Hello Everyone, here again with another backing track question!

My band will be running our live set up with 3 sends. Backing tracks to the house, metronome w/tracks to my drummer and a ghost guitar through a guitar cab.We are using Logic as our DAW and running everything through a Focusrite Scarlett 18i20. However we have been having some trouble getting this going. It seems we usually can get 2 of any of these 3 to work at the same time but never all of them. I am assuming correctly using buses is going to be the key here. 

Another issue we ran into was getting our ghost guitar tracks to come through an output. It would run stereo just fine but not one output. 

I assume the backing tracks and the metronome may need to share the same bus if I want my drummer to hear the track along with the click but I need the tracks to go to the house as well.


It is basically just very confusing as to what goes where and in need of some assistance.

Thanks!


----------



## Blasphemer (Aug 30, 2015)

Double check the Focusrite Mix Control setup to make sure none of your outputs are muted, sending to the wrong physical out, etc...


----------



## Matyrker (Aug 30, 2015)

Blasphemer said:


> Double check the Focusrite Mix Control setup to make sure none of your outputs are muted, sending to the wrong physical out, etc...



Ahhh.
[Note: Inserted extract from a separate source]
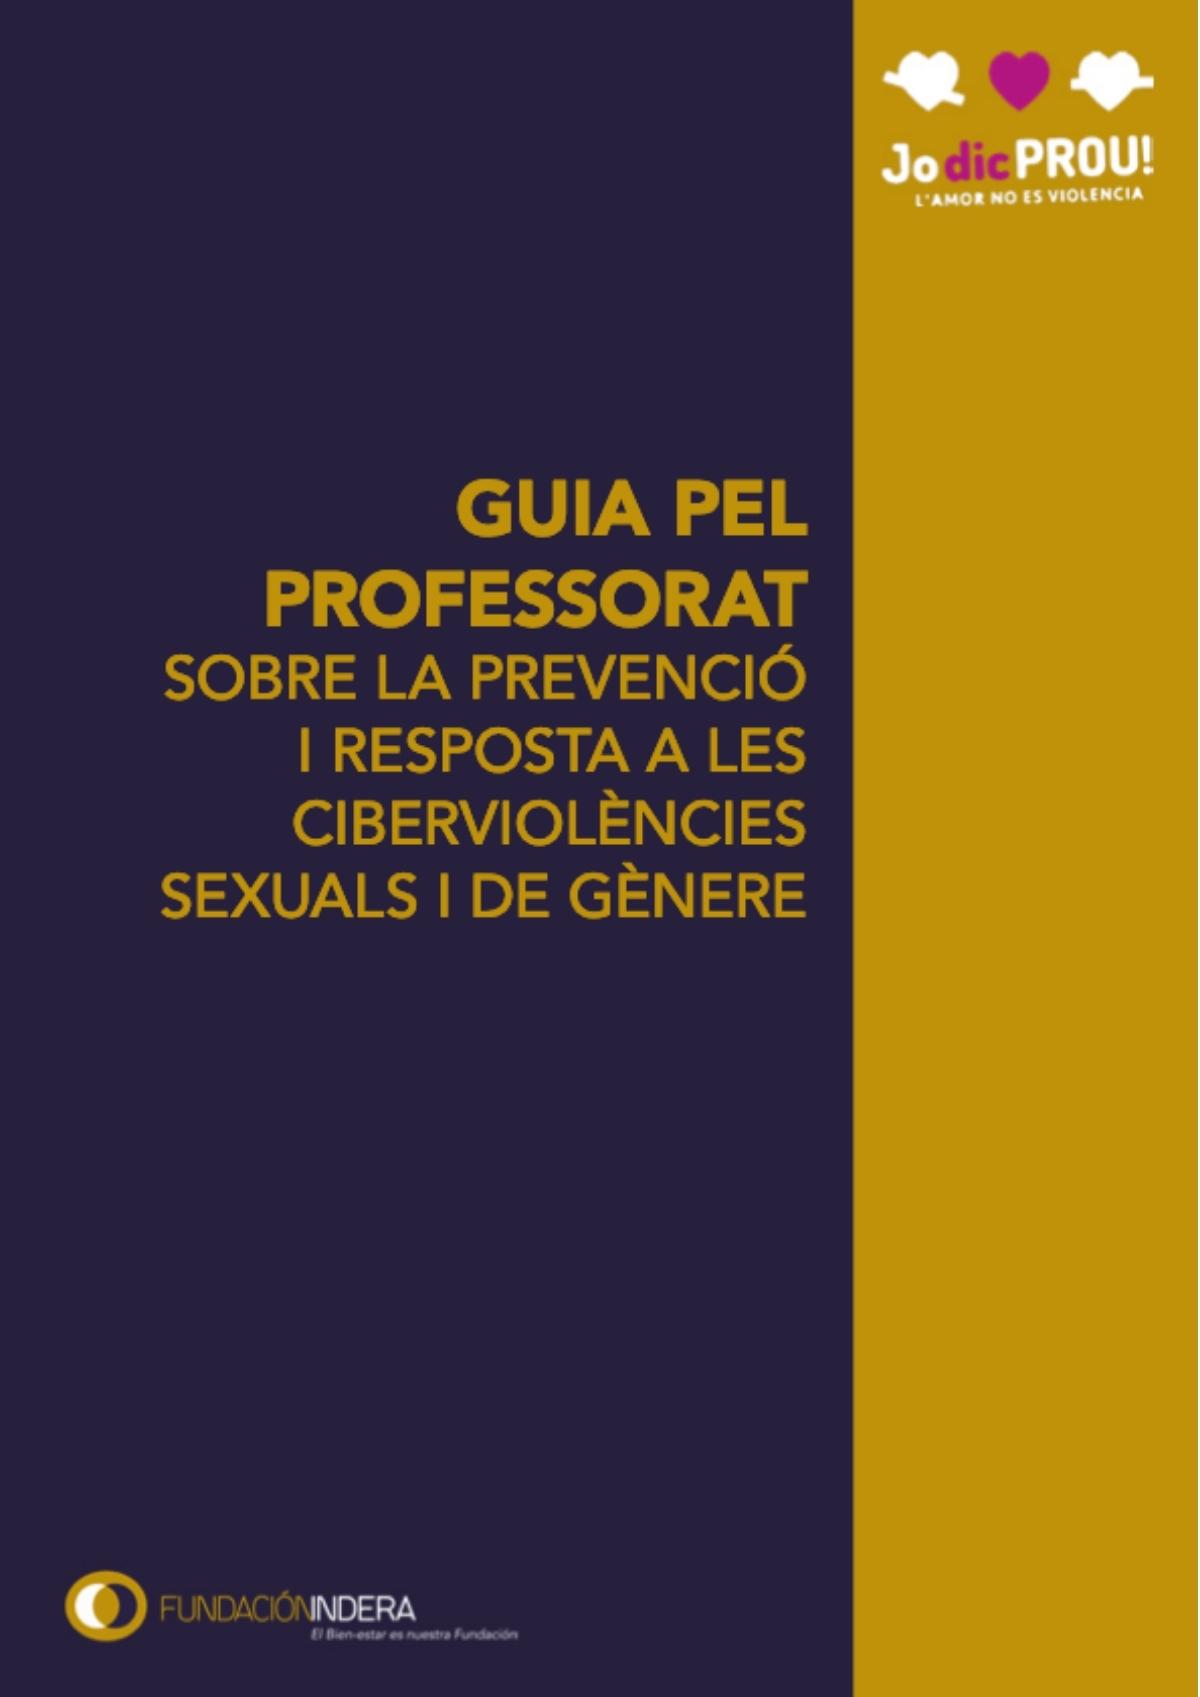 GUIA PEL PROFESSORAT Sobre la prevenció i reposta a les cibervioléncies sexuals i de génere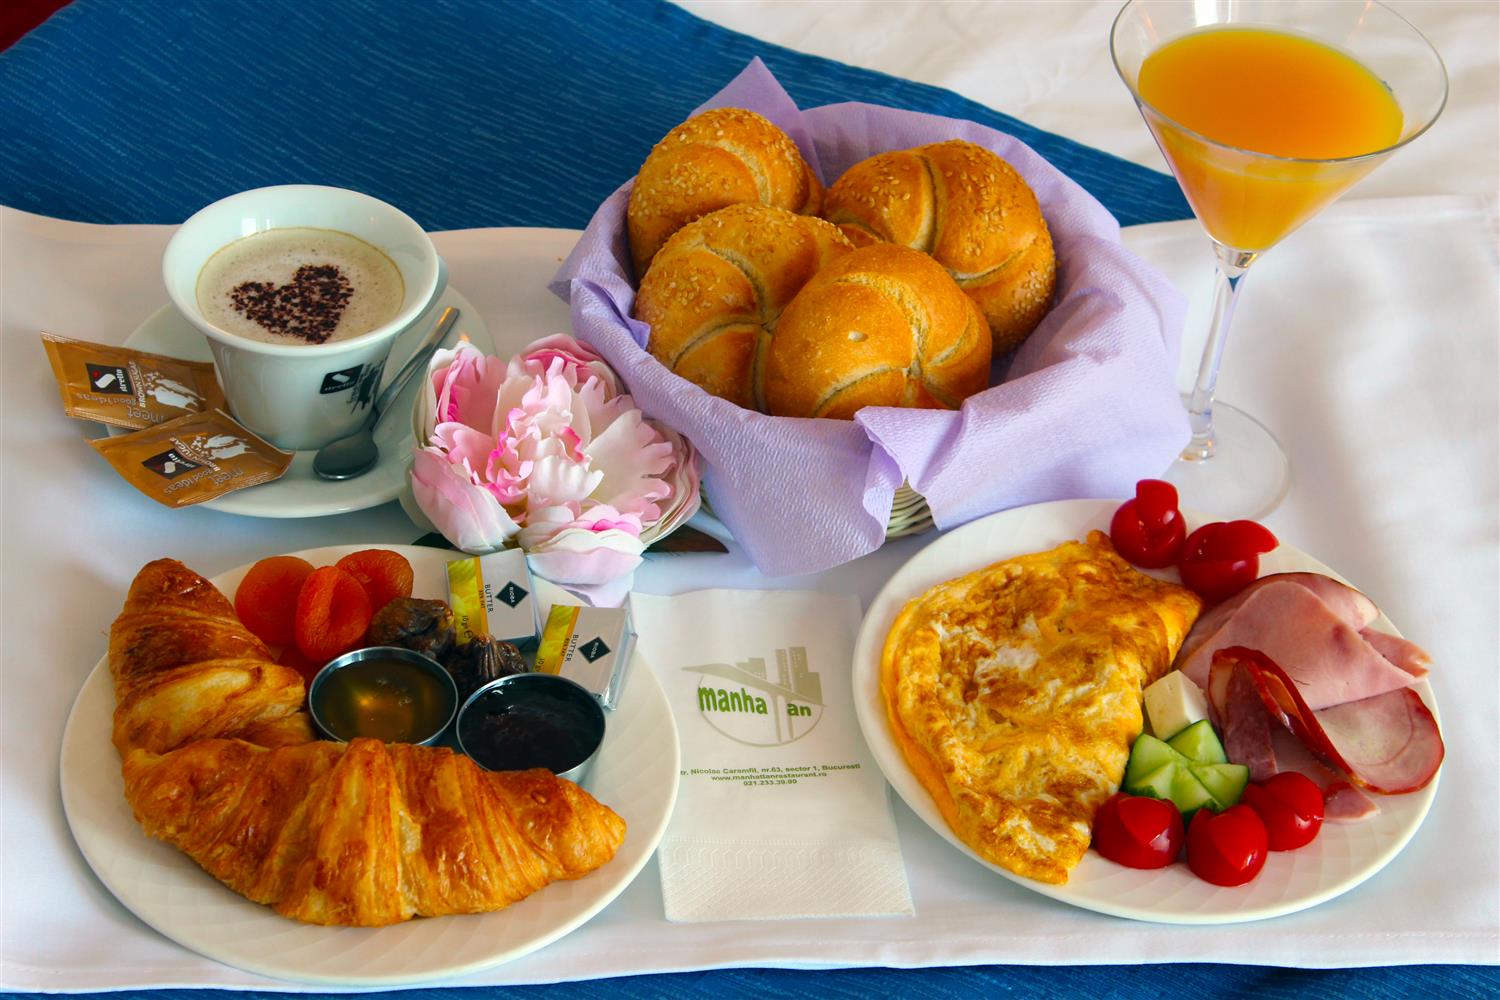 континентальный завтрак в отеле что это такое

Will do.


----------



## concertjunkie (Aug 31, 2015)

Blasphemer said:


> Double check the Focusrite Mix Control setup to make sure none of your outputs are muted, sending to the wrong physical out, etc...




When I was working with the routing and lost as to why it wasn't working as it should have in Logic, this is what resolved the issue for me.


----------



## Matyrker (Sep 3, 2015)

Blasphemer said:


> Double check the Focusrite Mix Control setup to make sure none of your outputs are muted, sending to the wrong physical out, etc...



According to the Mix Control, nothing was muted.

Any other suggestions?


----------



## Blasphemer (Sep 3, 2015)

Without being in the same room as your interface and logic session, it's hard to say. Post a screenshot of the mixer window so we can see your routing?


----------



## Matyrker (Sep 6, 2015)

Ah, so I am now able to get my tracks where they need to go (drummer and house) and the click to my drummer. Did this by selecting 'DAW 1' and 'DAW 2' as sends to the Outputs that I wanted. A 'DAW' must correspond to the output I select through Logic? Starting to make sense.

Next, to figure out how to get the dry guitar signal to an amp.


----------



## iron blast (Oct 21, 2015)

Should be similar to re amping record a Di track and send it to cab and amp


----------